→ RECORD EXTRACTS
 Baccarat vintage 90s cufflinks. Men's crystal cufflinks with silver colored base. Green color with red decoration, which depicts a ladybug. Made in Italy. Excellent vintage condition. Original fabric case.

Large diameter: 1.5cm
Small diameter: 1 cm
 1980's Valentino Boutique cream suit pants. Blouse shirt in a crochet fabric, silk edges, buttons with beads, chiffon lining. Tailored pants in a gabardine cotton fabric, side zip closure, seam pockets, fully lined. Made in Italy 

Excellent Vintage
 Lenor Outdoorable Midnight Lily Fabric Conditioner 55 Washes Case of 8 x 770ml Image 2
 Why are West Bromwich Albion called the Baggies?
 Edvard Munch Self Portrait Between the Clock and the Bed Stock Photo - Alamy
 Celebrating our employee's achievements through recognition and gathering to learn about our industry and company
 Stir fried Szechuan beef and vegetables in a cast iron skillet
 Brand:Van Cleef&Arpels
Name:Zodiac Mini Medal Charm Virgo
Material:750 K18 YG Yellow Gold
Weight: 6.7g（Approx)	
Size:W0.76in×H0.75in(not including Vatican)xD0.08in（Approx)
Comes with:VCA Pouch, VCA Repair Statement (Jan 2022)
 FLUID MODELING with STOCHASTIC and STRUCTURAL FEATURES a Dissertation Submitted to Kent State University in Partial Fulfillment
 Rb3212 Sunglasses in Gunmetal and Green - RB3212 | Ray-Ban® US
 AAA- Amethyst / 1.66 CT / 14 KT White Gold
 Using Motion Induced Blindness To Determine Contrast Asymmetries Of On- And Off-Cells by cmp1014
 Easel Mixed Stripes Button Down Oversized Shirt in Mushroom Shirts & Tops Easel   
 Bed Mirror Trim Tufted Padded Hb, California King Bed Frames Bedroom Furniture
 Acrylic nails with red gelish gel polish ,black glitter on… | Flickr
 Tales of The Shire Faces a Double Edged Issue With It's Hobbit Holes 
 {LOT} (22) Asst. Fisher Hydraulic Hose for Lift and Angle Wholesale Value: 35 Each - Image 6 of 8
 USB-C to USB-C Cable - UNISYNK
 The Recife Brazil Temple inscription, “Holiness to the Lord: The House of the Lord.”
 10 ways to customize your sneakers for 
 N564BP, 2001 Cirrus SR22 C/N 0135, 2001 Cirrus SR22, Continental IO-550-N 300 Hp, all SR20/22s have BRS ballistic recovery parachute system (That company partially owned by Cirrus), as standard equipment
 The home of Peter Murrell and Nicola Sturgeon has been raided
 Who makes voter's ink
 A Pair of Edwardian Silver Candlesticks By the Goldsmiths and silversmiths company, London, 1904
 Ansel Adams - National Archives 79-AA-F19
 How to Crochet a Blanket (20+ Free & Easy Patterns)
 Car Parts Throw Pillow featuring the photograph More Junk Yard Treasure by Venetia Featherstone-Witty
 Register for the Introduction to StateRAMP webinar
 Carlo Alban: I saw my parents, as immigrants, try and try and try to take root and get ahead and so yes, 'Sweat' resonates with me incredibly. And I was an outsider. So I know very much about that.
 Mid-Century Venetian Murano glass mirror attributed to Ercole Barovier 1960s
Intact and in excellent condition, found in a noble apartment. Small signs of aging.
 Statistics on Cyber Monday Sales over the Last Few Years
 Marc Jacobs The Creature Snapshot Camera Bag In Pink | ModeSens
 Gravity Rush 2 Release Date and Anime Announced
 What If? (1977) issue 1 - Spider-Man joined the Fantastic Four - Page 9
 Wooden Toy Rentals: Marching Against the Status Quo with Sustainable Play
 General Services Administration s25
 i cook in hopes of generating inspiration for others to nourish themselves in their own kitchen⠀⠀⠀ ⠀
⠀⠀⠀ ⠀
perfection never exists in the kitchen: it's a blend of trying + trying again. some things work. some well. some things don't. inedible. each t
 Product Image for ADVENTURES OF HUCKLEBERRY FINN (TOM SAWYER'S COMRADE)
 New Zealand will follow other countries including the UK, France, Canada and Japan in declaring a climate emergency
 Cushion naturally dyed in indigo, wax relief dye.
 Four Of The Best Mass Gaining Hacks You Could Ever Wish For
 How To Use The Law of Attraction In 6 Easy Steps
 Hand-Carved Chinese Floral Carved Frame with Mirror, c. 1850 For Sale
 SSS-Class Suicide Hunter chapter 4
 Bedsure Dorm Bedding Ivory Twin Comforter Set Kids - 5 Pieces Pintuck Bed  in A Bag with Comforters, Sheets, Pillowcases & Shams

→ PROBLEM TO WORK ON
Whenever a line of the material holds the word "Made", copy it out.

→ EXERCISE ANSWER
 Baccarat vintage 90s cufflinks. Men's crystal cufflinks with silver colored base. Green color with red decoration, which depicts a ladybug. Made in Italy. Excellent vintage condition. Original fabric case.
 1980's Valentino Boutique cream suit pants. Blouse shirt in a crochet fabric, silk edges, buttons with beads, chiffon lining. Tailored pants in a gabardine cotton fabric, side zip closure, seam pockets, fully lined. Made in Italy 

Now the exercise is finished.